A month or so ago, I was finally given a job at a local pizzeria named "The
Wild Tomato" in Harrisburg. I was given duties mainly related to cleaning and
sanitation. The first concern I had was the fact that they were storing trash
cans in their walk-in fridge, where uncovered food and sauces were often
stored despite health regulations. I learned to ignore this for the sake of
employment. I have photos/video of this.

Shortly within the month, I discovered a bag near the outside trash dumpster
that contained multiple empty bags that had contained synthetic marijuana, a
multitude of hypodermic needles, and receipts for deliveries and time-clock
slips, all with the same employee's name listed (one of the drivers). Again, I
have photos.

Upon notifying Paul, the owner, he threw away the receipts with the employee's
information and told me that it was "no longer my problem". At the time, I
assumed that this meant he would take corrective action on his own. However,
the employee in question was never reprimanded and continues working at the
shop.

Recently, I found another empty vial of synthetic marijuana, this time inside
the building in the employee area, among the cleaning supplies.

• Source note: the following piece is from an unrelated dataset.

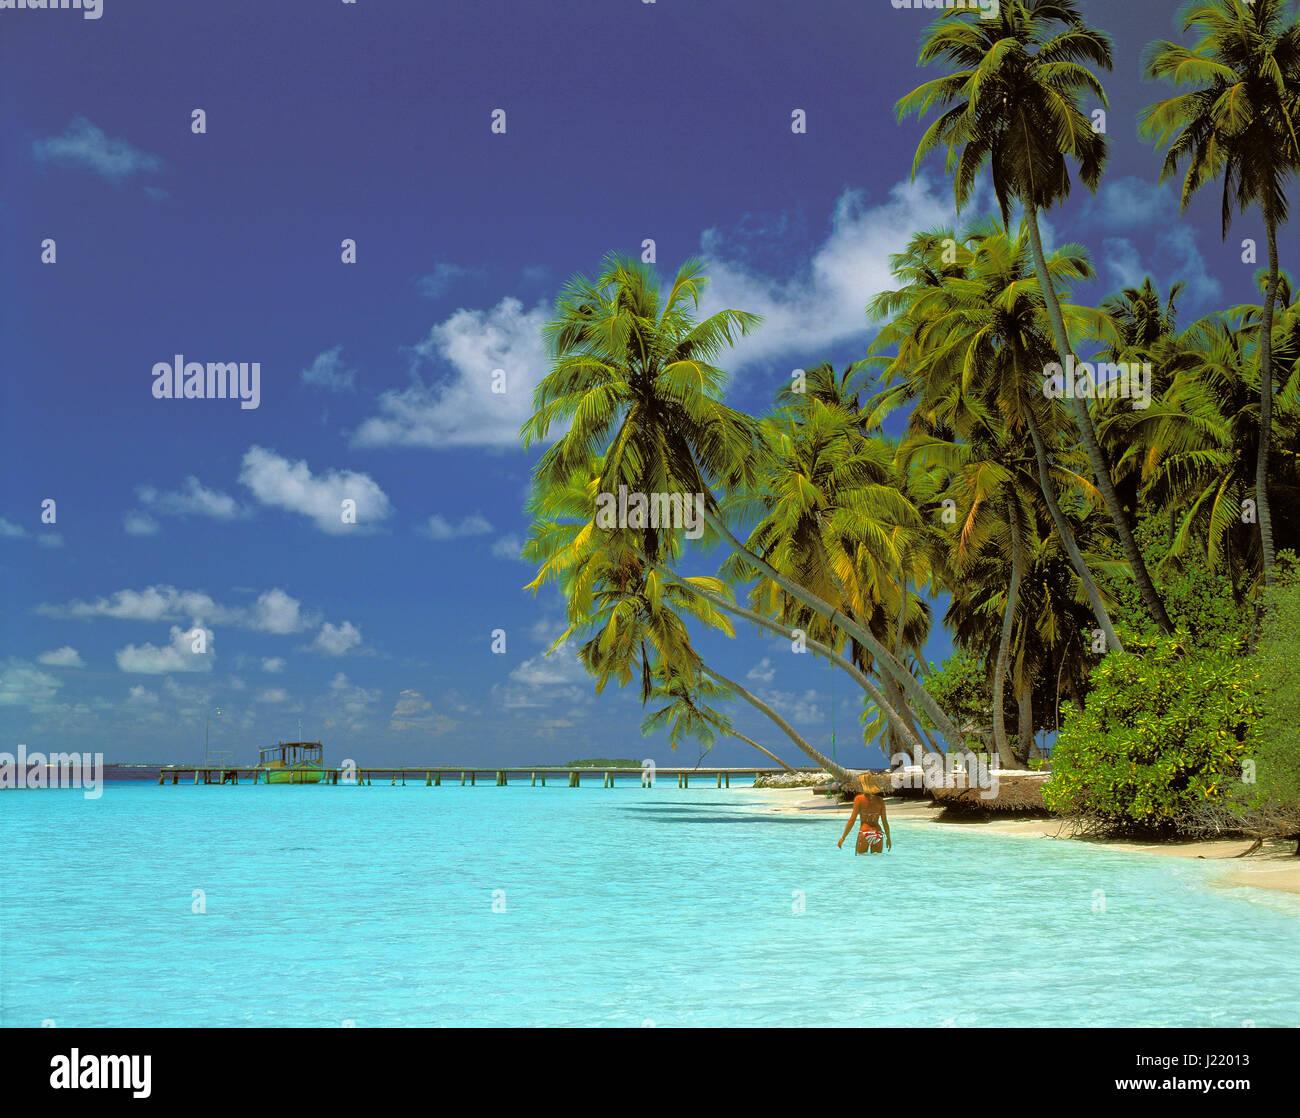 Kuda Bandos Island, Maldives Republic. - Stock Image

When I brought it to the attention of Paul, he stated that he did not care
about what his employee's did, or if they brought it into the workplace or
not, as long as they did not physically use them during work. He told me he
could not control what his workers put into their bodies, and asked me if I
wanted him to drug test everyone. I mentioned the previous incident with the
needles and how I could have gotten stuck by one, causing a liability. He
responded "Well then you better stay home, you go outside you could get shot,
you could get hit by a car, the real world's dangerous." He also stated that
an empty container with a commercial label on it, advertised with drug images
but "not for human consumption" could have had anything in it. He said "If I
get a vial and put a label that says cocaine on it does that mean it had
cocaine in it?". He dismissed any safety concerns I might have had, implying
that I was at fault for "having a problem" with narcotics on the premises.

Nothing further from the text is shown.